If this isn't enough, Israel is now building a horrific wall to aisle Israel from Palestine completely, even if that means that Palestinians can't cross to Israel to go to their working places. Unemployment is over 60% in some cities of Cisjordania and most of the population depends on international aid. If this isn't enough, Israel sends fighters which fire missiles at their "enemies", and if 10 innocent citizens are killed as well, too bad. When a bomb goes off in a Israeli city, it's a unacceptable terrorist attack, when it's an American missile fired by a Israeli soldier, US leaders say "Israel has a right to defend itself".

As long as Israel and the US keep denying Palestine their most basic rights, they will be fuelling the hate of these people, which will have less and less reasons to not stick a bomb to their chests. Just go away from Palestine, stop stealing the small bits of worthy land they have while building your fucked wall, stop the random killings, and help finance the rebuilding of Gaza and Cisjordania. Give Palestinian kids a chance to go to school, learn to be normal children and in a few years your problem will be gone. Keep your current policy and you'll get weekly bloodbaths in both sides of the wall.

Tue, 23 Mar 2004

That's not the way to go...

I very much agree with what Daniel said about the latest Israeli terrorist attack (yes, it's as terrorist as any suicide bombing a Palestinian might do in Israel). Killing Hamas' leaders won't get you anywhere. This morning, I read in an online newspaper that one of the Israeli military heads warns that this is only the beginning, the leader of Hezbola and Yasir Arafat himself are next in the list. Listen guys: if you kill Arafat be sure there will be no peaceful ending for your local conflict. What Ariel Sharon is doing is state terrorism, and compares quite well to what one country did to the Jews only 60 years ago. It's incredible how fast humans forget.
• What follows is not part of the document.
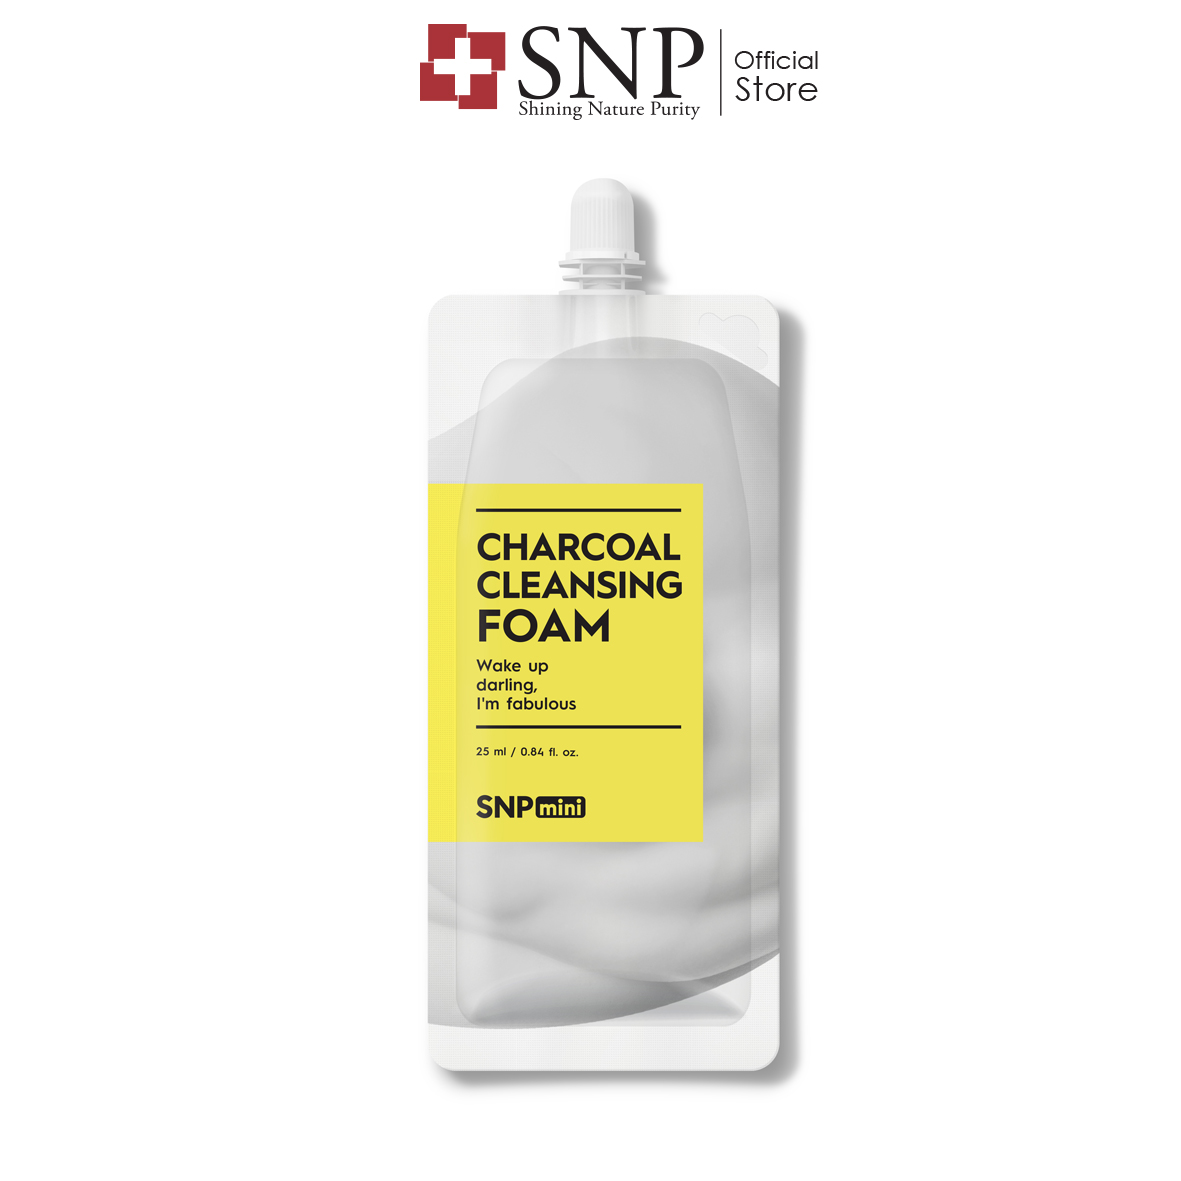 SNP Mini Charcoal Cleansing Foam (25ml)
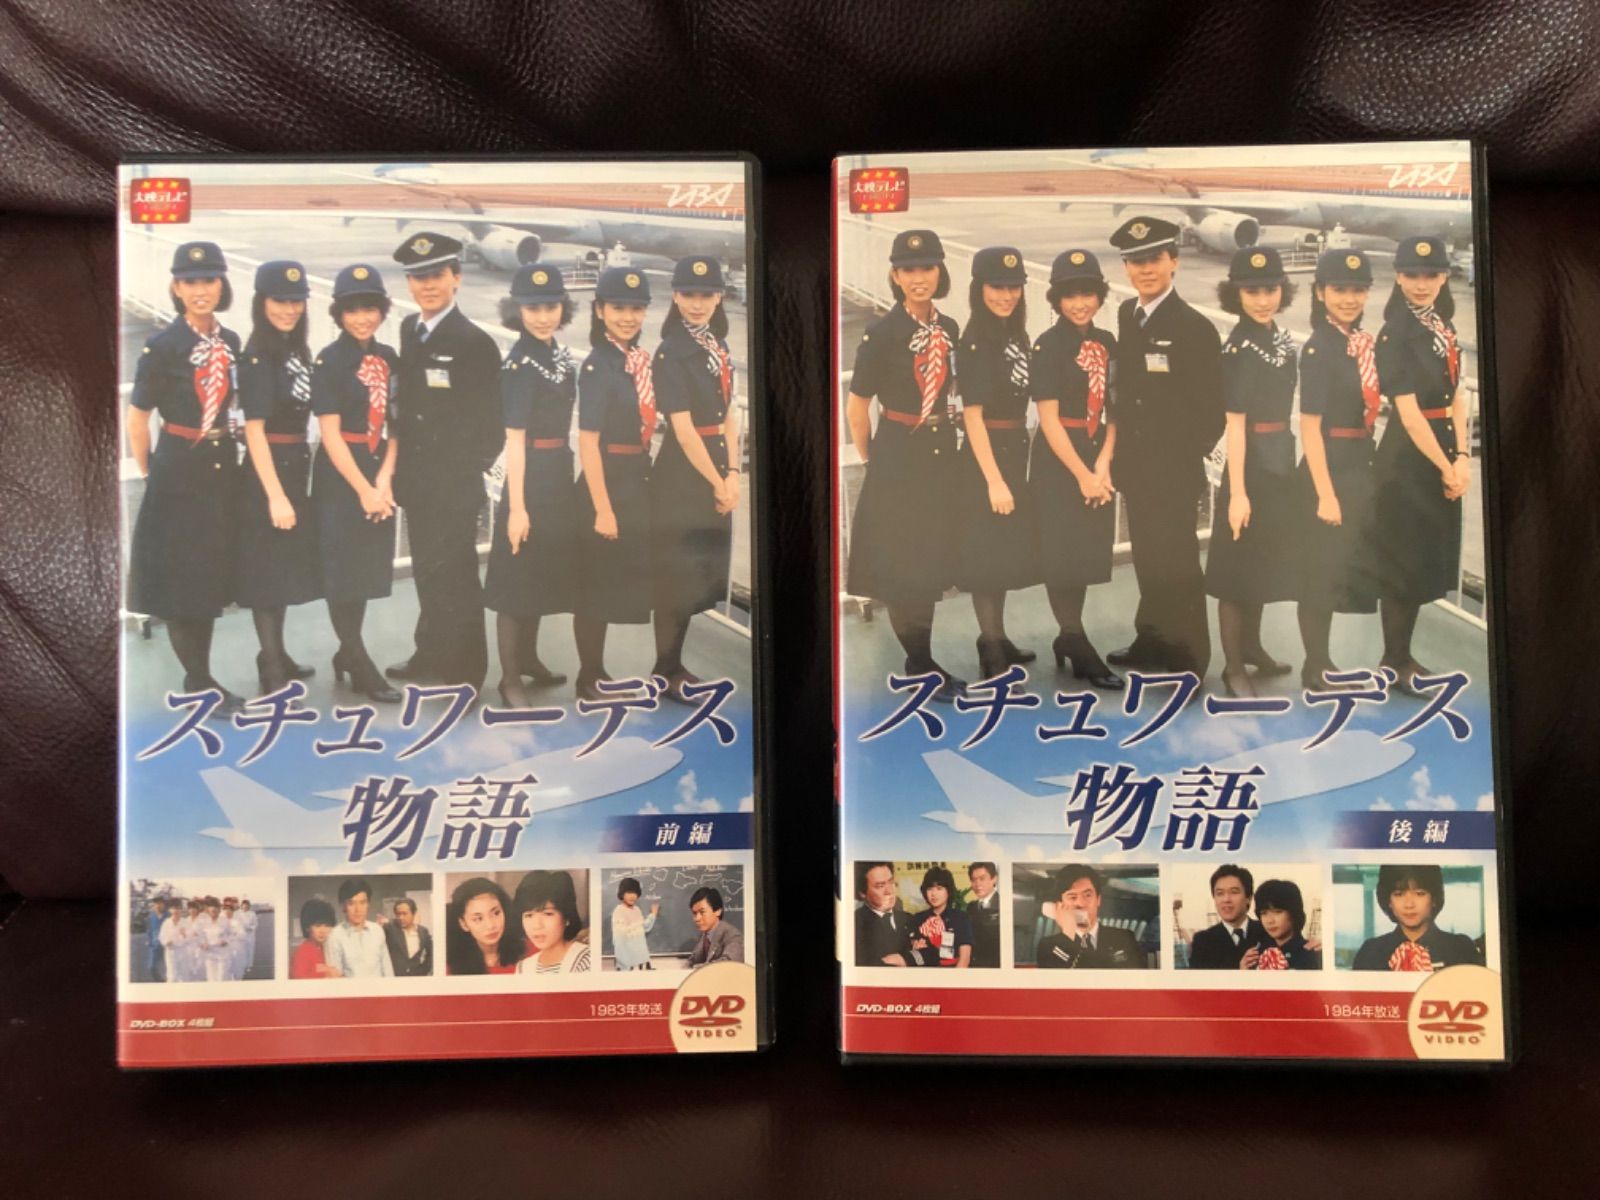 DVD-BOスチュワーデス物語 DVD-BOX 前編後編〈各4枚組〉 - TVドラマ

Moving to other subjects, Debian is having serious problems with the current implementation of our SVN server. It is currently blocking much of the development in two big internal fronts: Debian Installer and the colective effort to package GNOME 2.6. I hope something can be done about this soon. I hear joeyh sent quite a harsh mail to debian-devel about the situation, and I wouldn't be surprised if d-i moved to another server soon.

As many people know, just after the terrorist attacks in Madrid nearly two weeks ago, there were elections to the Parliament and Senate in Spain. The right-wing party paid their very obvious manipulation of the news about the bombings, and on Saturday, people went out on the streets to protest against the "informative blackout". The outcome of the election was quite surprising: not only the right wind didn't retain their comfortable absolute majority of 2000, they ended up losing the election entirely. While it makes me and many others happy, it must be noted that the socialist party has received many votes that don't really belong to them. Many people that vote other left-wing parties voted for them this time, just to get rid of Aznar and his gang. In other words, millions probably didn't vote for Zapatero and the Socialist Party, but against Aznar and their war, which is quite different. Madrid's IMC has a very nice editorial (in Spanish) about this.

Finally, Fallas are over. If you want to visit Valencia during the most annoying week of the year, with closed streets, kids throwing fireworks at your feet, very loud music just below your window all night non-stop and a sudden rise of the most right-wingish nationalist sentiments, listen to your travel agent and come to Valencia during Fallas. You won't be deceived, we have loads of annoying stuff to annoy millions of visitors.

Motivation to work on stuff is slowly rising again, but very low still. I committed some pending bits of the Catalan translations for GNOME 2.6 (due tomorrow) a day late, and some stuff won't be available until 2.6.1 is out. I suck, but this is what you get when you're a bit burnt.

Thu, 11 Mar 2004

Madrid bombings

So everybody knows by now that three trains were bombed early this morning in the Spanish capital Madrid. The bombs went off at rush hour, when the trains were packed with workers, students and kids that were on their way to work, school or uni.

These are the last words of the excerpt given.